Sunday, May 07, 2006

I Don't Know Where to Begin

This story has me so angry. The principal and the students at this school need a lesson on religious tolerance and true Christianity.

A battle over religious expression in school turned into an expensive hat-shopping trip Friday for Brad Seelig and his father.
Brad has missed a week of classes at Green Hope High School in Cary (North Carolina) for refusing to remove his baseball cap, which he wears over his yarmulke, a traditional Jewish head covering. He's worried about anti-Semitism if his yarmulke is visible at school.
As a compromise, the Seeligs visited 13 stores at two shopping malls Friday to spend $100 for three hats that might be acceptable to school officials.
Paul Seelig, Brad's dad, said Green Hope Principal James Hedrick told him Friday that Brad can wear whichever of the three caps he wants Monday.
"We're being very sensitive of the religious nuances of the circumstances while maintaining discipline at the school," said Michael Evans, a Wake County school district spokesman.
While school officials hailed it as a win-win situation, the Seeligs were fuming over the fight.

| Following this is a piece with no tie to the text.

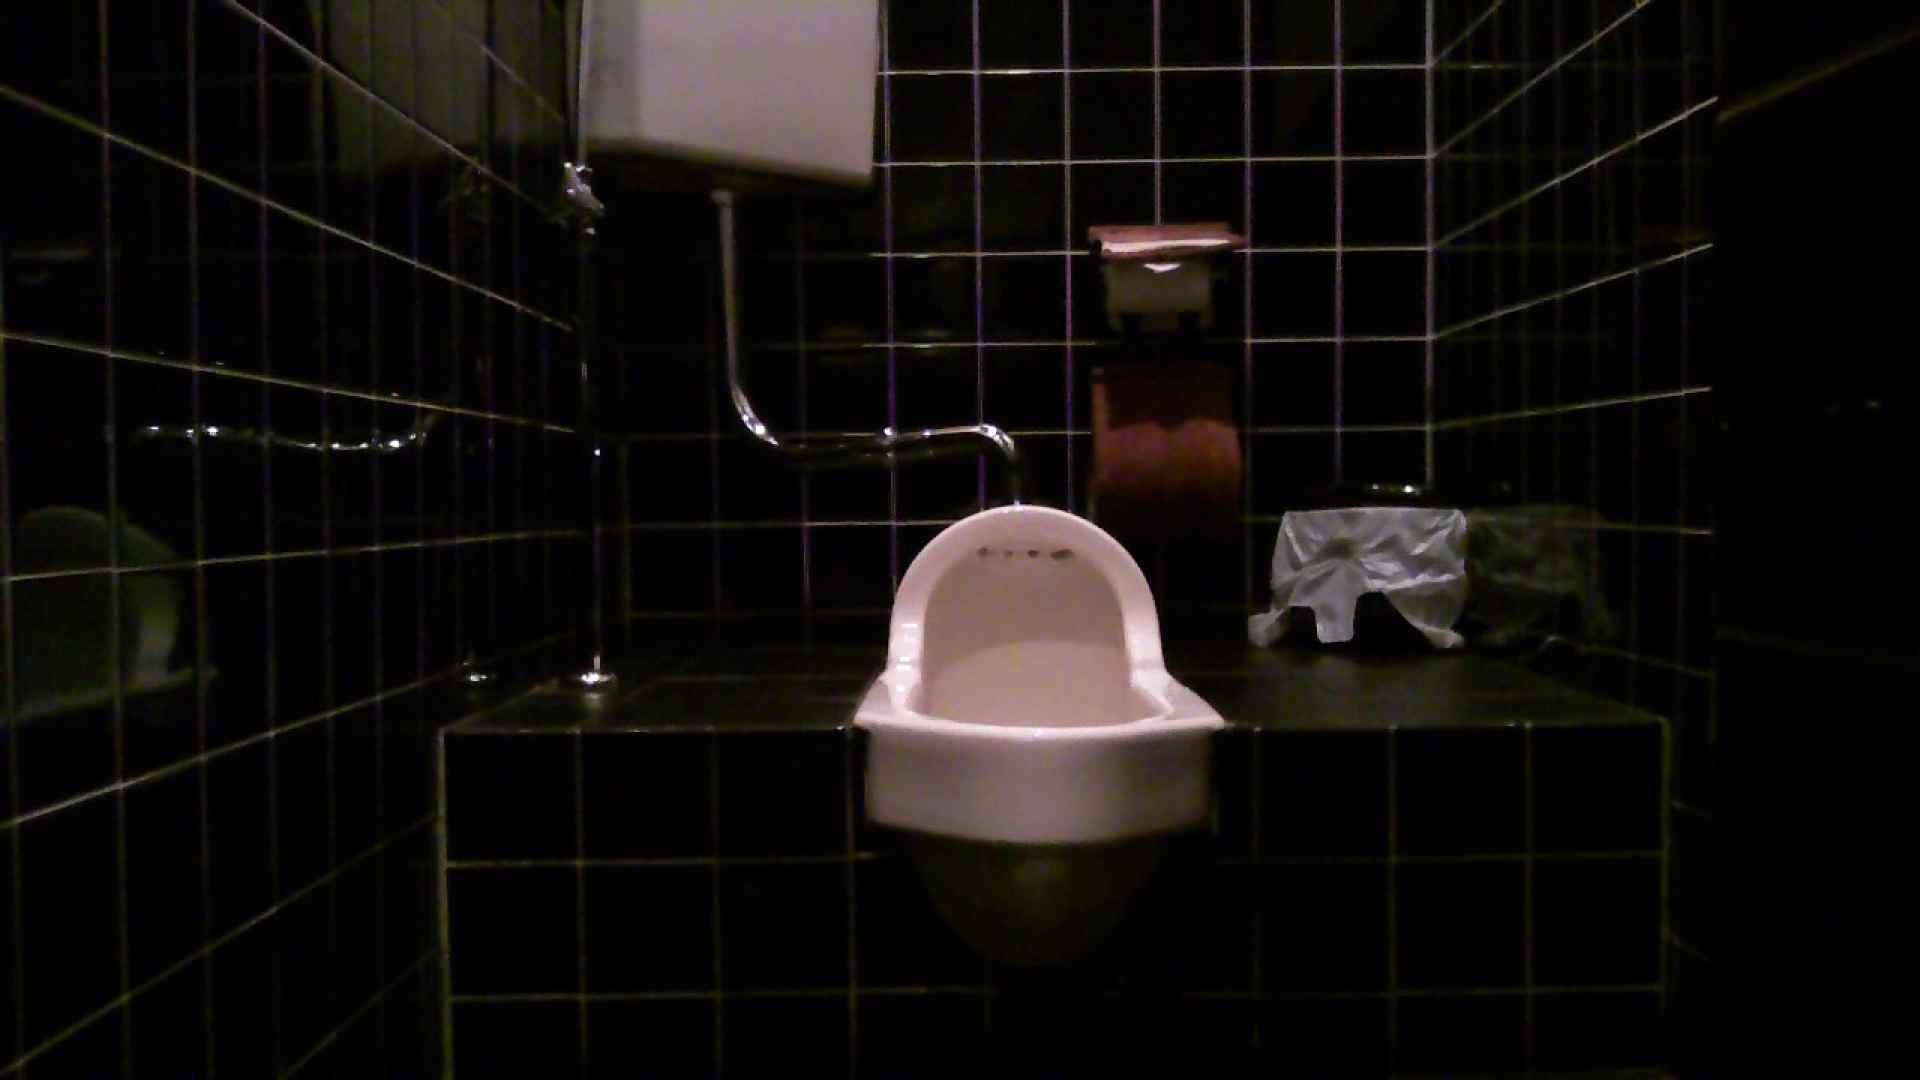 美女の集まる飲み屋洗面所 vol.05 0 | 0  47画像 5

"He's missing school and time being instructed to go shopping for a hat," said Paul Seelig. "It's silly."
The episode highlights the tension over respecting both religious expression and authority.
Questions of tolerance
Paul Seelig said Brad, 16, a sophomore, had been going through tough times until he rediscovered his religion last fall. This prompted Brad to wear a yarmulke to class in October. But on that day, Brad said, Assistant Principal Scott Brouthers questioned him about the yarmulke and told him "he needed Jesus in his life."
Yarmulkes are worn by Jews to cover their head in prayer as a sign of respect to God.

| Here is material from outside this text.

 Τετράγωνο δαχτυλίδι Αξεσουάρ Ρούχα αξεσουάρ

Not wanting to stand out, Brad said he chose to wear a baseball cap, with his name emblazoned on it, over the yarmulke. Even though Brad said he explained to Brouthers that he was wearing the cap for religious reasons, he said the assistant principal would daily tell him to take off the cap. At least twice more, Brad said, Brouthers spoke to him about needing Jesus.
Wake school district policy prohibits students from wearing head coverings of any kind. But the policy says schools should make "reasonable accommodations on the basis of students' religious beliefs or medical conditions."
Brad said any thought of even having the yarmulke visible again ended after classmates, who learned he was Jewish, told him he was going to hell.
Paul Seelig said the situation reached a climax April 28 when he received a call from Brouthers telling him he was suspending Brad for wearing the cap. Brad was allowed to return to school Monday, but he received an in-school suspension. He wasn't allowed to attend his classes until he removed the cap.
"It's not right for them not to allow me to practice my religion, but they'll let anyone else practice their religion," Brad said.
Hedrick and Brouthers referred all questions to Evans.
Evans said school officials also are investigating the Seeligs' complaint that Brouthers violated the district's code of ethics and standards of conduct. Evans said he couldn't discuss it further because it is a personnel matter.